Electrodes, Batteries, Electrode Production Methods, and Battery Production Methods
Electrodes as well as electrode production methods are provided that can include a substrate with the substrate comprising non-conductive material. Batteries including electrodes of the disclosure are provided. Electricity storage methods are provided that can utilize the electrodes and/or batteries of the disclosure.
This application claims priority to U.S. Provisional Patent Application Ser. No. 61/449,259 which was filed on Mar. 4, 2011, entitled “Rechargeable Batteries, Lead-Acid Batteries, Battery Components, and Battery Methods”, and U.S. Provisional Patent Application Ser. No. 61/531,460 which was filed on Sep. 6, 2011, entitled “Rechargeable Batteries, Lead-Acid Batteries, Battery Components, and Battery Methods”, the entirety of each of which is incorporated by reference herein.
TECHNICAL FIELDThe present disclosure relates to electrodes, batteries, electrode production methods, and battery production methods. In more particular embodiments the disclosure relates to Rechargeable Batteries, Lead-Acid Batteries, Battery Components, and Battery Methods. Particular embodiments of the disclosure relate to novel electrode constructions and/or methods of manufacturing electrodes.
BACKGROUNDRechargeable batteries such as lead-acid batteries can include one or more cathodic electrodes that may be constructed by casting lead, expanding lead sheet, or creating a lead alloy foil with punched grid pattern. Typically the cathodic electrode is comprised of 100% lead or lead alloy. Rechargeable batteries such as lead-acid batteries also can include one or more anodic electrodes that utilize a lead oxide, or derivative, pasted onto a traditional lead battery electrode substrate.
SUMMARYThe electrodes of the present disclosure can be configured to be utilized in standard lead acid battery manufacturing processes and equipment.
Batteries of the present disclosure can have enhanced electrode performance by increasing active-material-surface area and improving electrode conductivity, thus creating a more uniform current distribution across the electrode resulting in a decreased operating temperature. These attributes may allow for enhanced electrode performance and increased cycle life at a wider range of operating temperatures.
The present disclosure provides low cost, light weight, and advanced battery electrodes for use in lead acid batteries. The electrodes may be utilized as a negative electrode and can provide for improved negative-active-material utilization, more uniform current distribution, and enhanced cycle life performance.
Electrodes are provided that can include: a substrate, the substrate comprising non-conductive material; and conductive material associated with the substrate.
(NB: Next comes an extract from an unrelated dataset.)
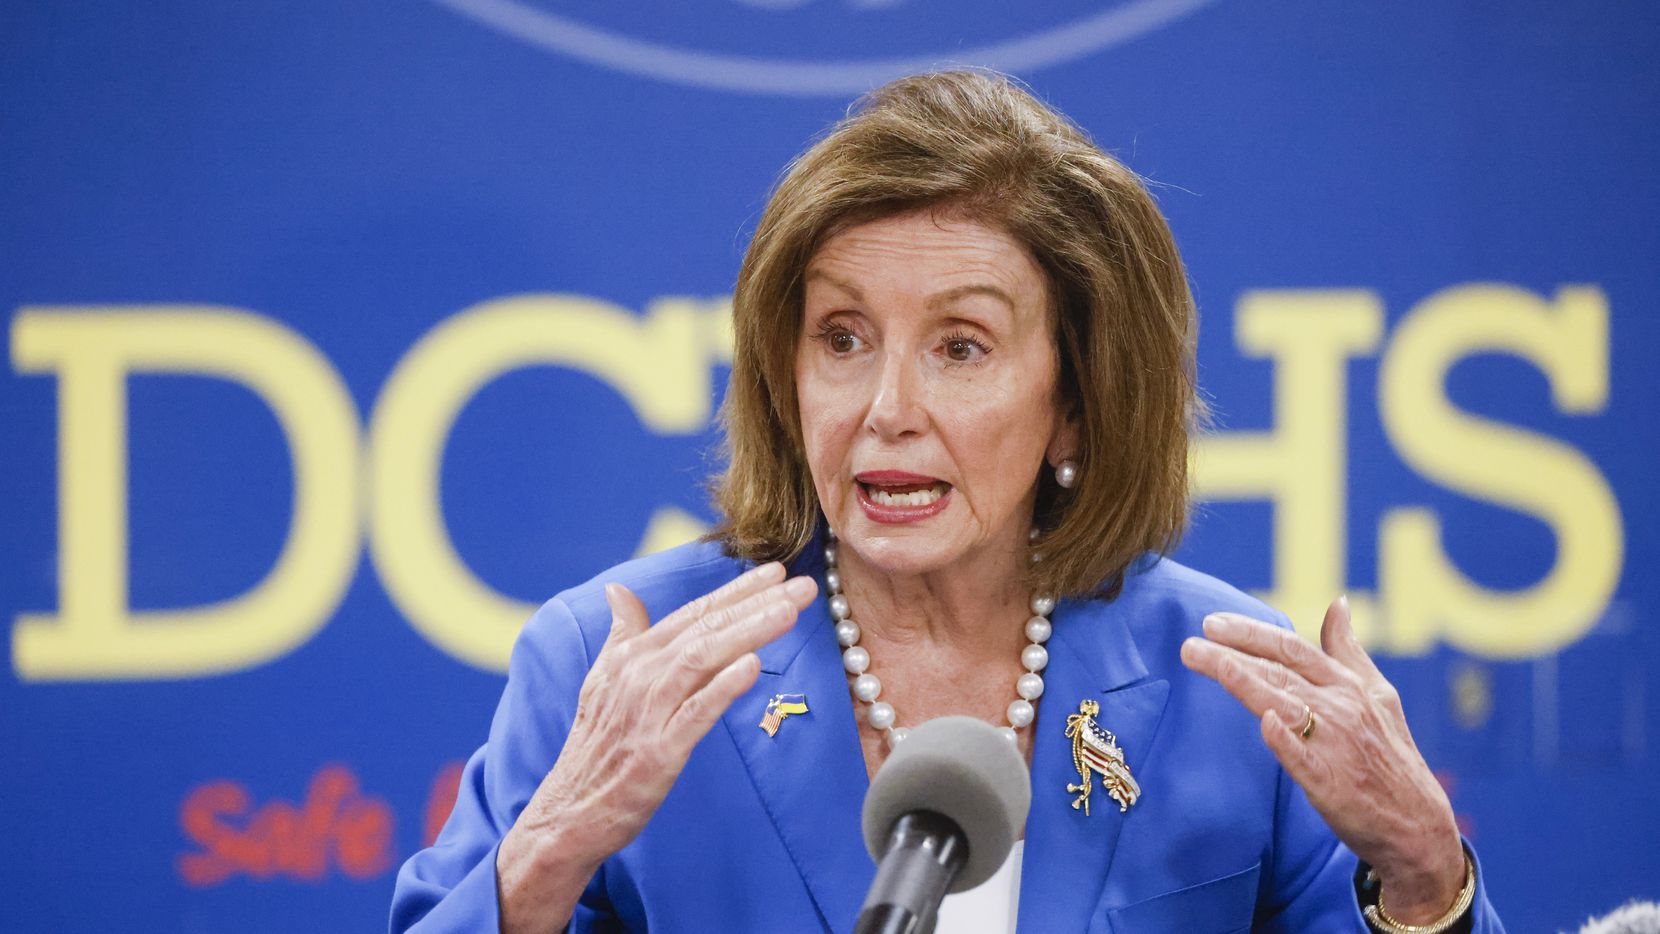 Pelosi visits Dallas for a healthcare roundtable

Electrodes are also provided that include at least two portions, the first of the two portions configured to extend into battery solute and the second of the two portions configured to reside outside the battery solute with the first portion both defining a plurality of recesses and comprising a substrate comprising non-conductive material.
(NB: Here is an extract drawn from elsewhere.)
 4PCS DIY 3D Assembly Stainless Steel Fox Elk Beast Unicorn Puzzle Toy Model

Batteries are provided that can include at least two electrodes, with at least one of the electrodes including: a substrate, the substrate comprising non-conductive material; and conductive material associated with the substrate.
Electricity storage methods are provided that can include: providing electrical current to a battery, the battery including a plurality of electrodes within a battery solute with at least one electrode in the battery being both inert to the battery solute and including non-conductive material; and storing electricity within the battery.
Electrode production methods are provided that can include: providing a substrate including non-conductive material; and depositing conductive material on the substrate to form an electrode.
Embodiments of the disclosure are described below with reference to the following accompanying drawings.
This disclosure is submitted in furtherance of the constitutional purposes of the U.S. Patent Laws “to promote the progress of science and useful arts” (Article 1, Section 8).
The electrodes, batteries, electrode production methods, battery production methods, rechargeable batteries, lead acid batteries, battery components, and battery methods of the disclosure will be described with reference to
The substrates can include structurally supporting material and/or support features such as pasting bars, which may be configured as flanges extending from portions of the substrate that configure the substrate to receive lead paste at a later processing step in the electrode production process. The extension and/or number of the flanges extending from the substrate can vary to the extent desirable to accommodate lead-paste application at later stages of processing. Additionally, substrate 12 can include etched or deposited lines of material between layers that may act as support features, for example.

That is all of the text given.